It can be a difficult decision for a young player. Everyone, it seems, has an opinion. And most aren’t shy about sharing them.

“On one hand it’s a difficult decision because the world says it’s a dumb decision and you keep hearing that you’ll never get as much money as after your junior year in college,” LaPorta says. “It was just a lot of negative things.”

But LaPorta never wavered.  He was used to waiting to fulfill his dream of playing major league baseball. Coming out of Charlotte High School in Punta Gorda, Fla., in 2003, the Chicago Cubs called his name in – like the Red Sox later – the 14th round.
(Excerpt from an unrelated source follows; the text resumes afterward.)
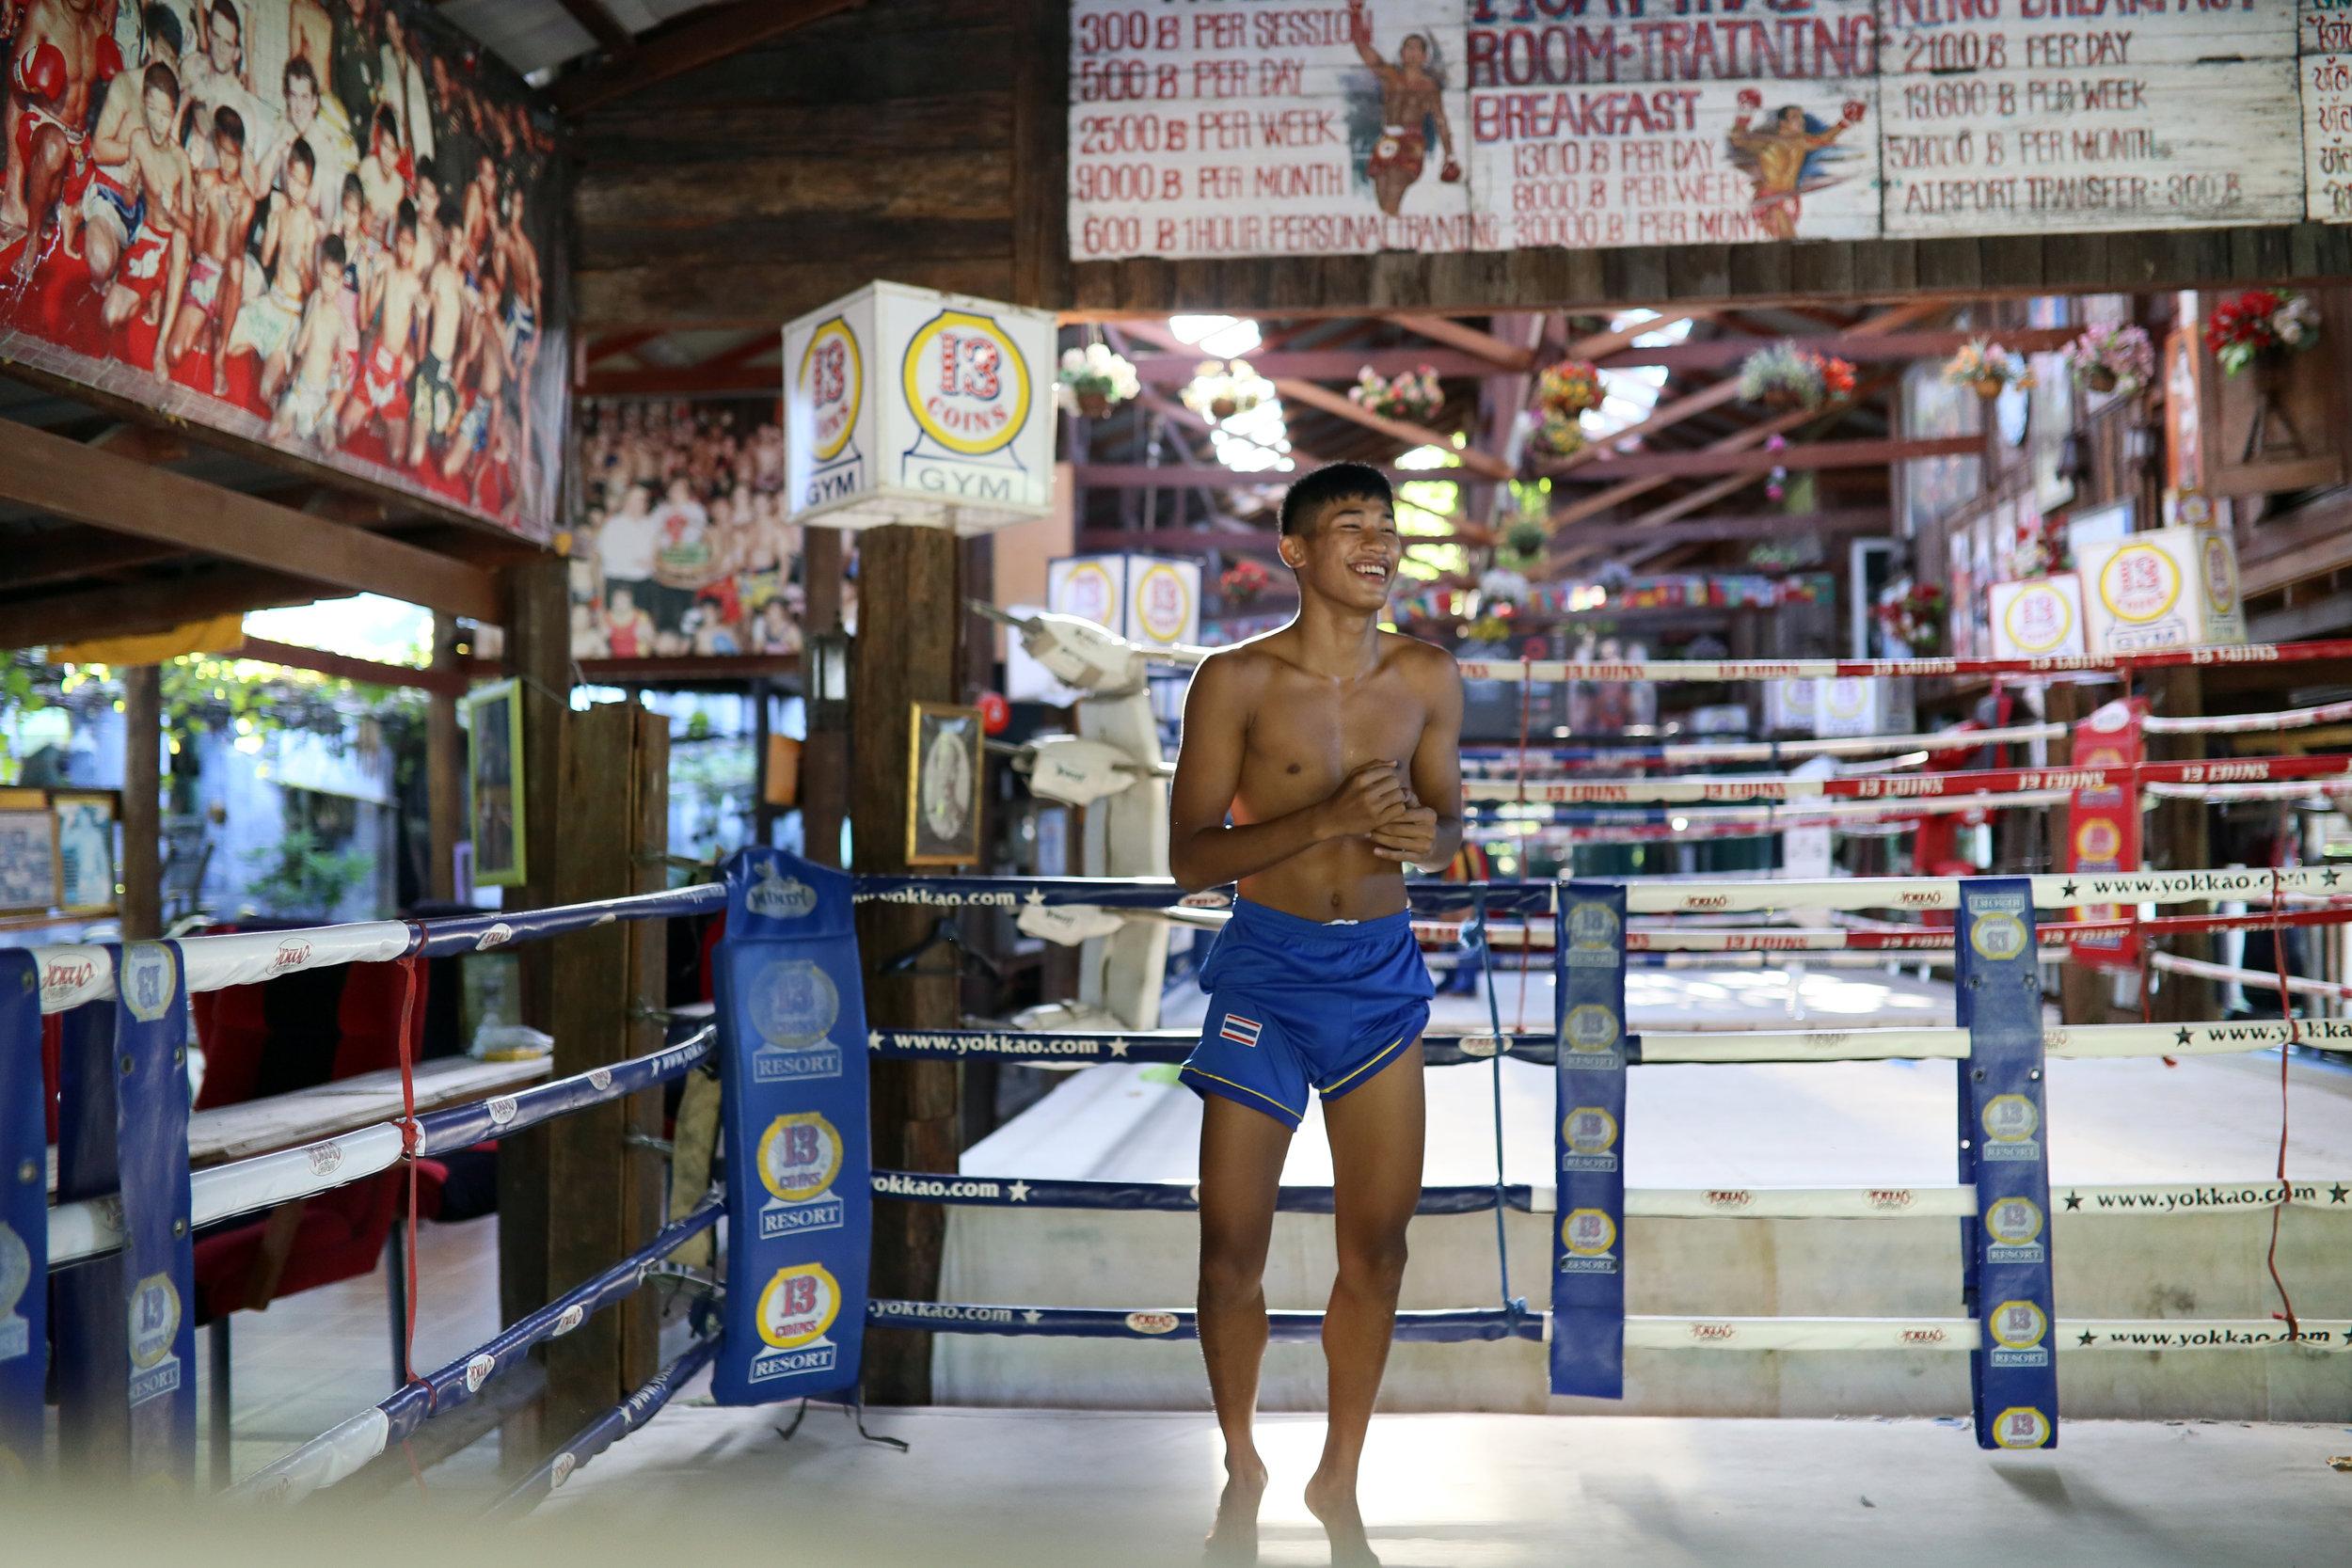 Muay Thai_014.jpg

The opportunity to play Division I baseball at Florida lured him away from signing out of high school. LaPorta understood that a down year as a junior in college in which his batting average fell from .328 as a sophomore (while helping the Gators reach the College World Series final), to .259 played a role in his draft placement in 2006. “But I believed in how good I was and believed in the talent I was blessed with,” he says. “I believed in the kind of player I was.”
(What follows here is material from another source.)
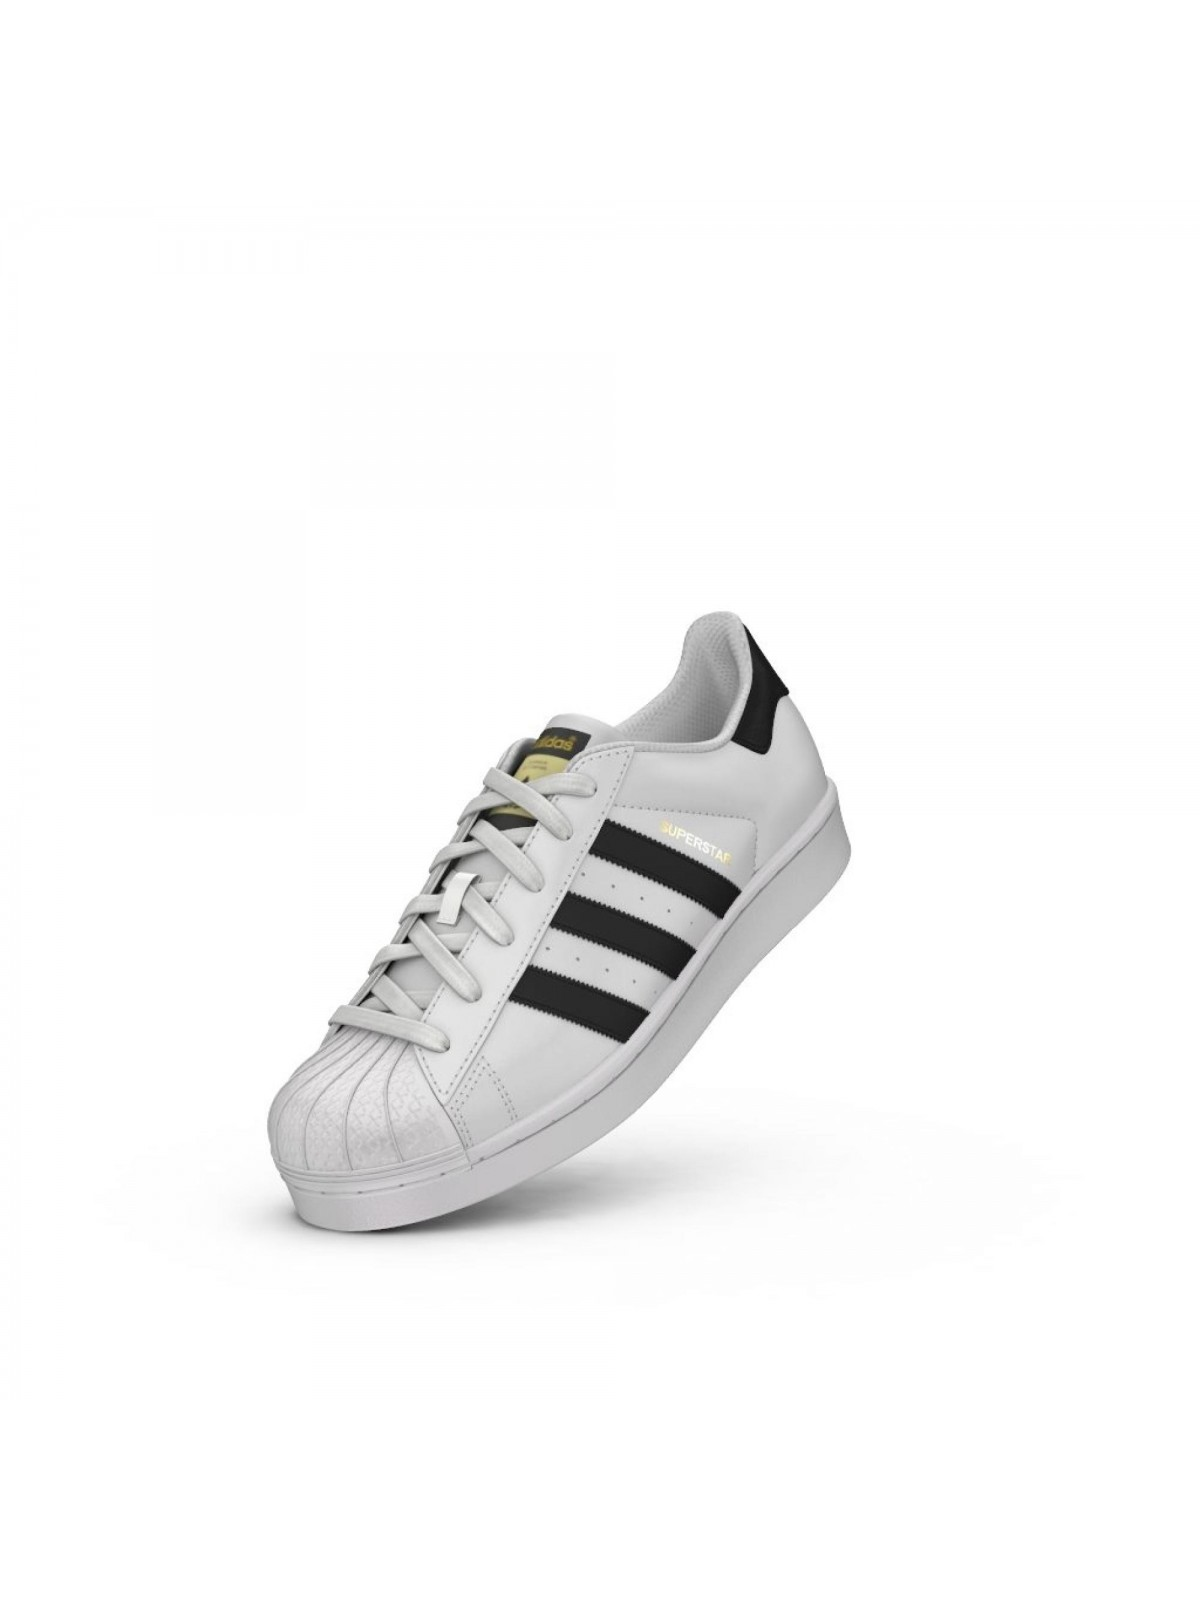 ADIDAS Superstar cuir blanc / noir / or - Superstar - ADIDAS - Marques

Indeed, it proved to be a huge positive. LaPorta regained his stroke and earned his second SEC Player of the Year honor, batting .402 with 20 home runs. It was the kind of performance that had helped land him on the 2005 USA Baseball Collegiate National Team two years before where he played alongside some big names – then and now – such as David Price, Max Scherzer and Matt Wieters to name just a few. That tenure helped convince LaPorta he belonged.

The Milwaukee Brewers certainly thought so, taking LaPorta in the first round of the 2007 Draft with the seventh overall pick. His “gamble” of returning to school – he’ll tell you it was no gamble at all – had paid off. He received a $2 million signing bonus.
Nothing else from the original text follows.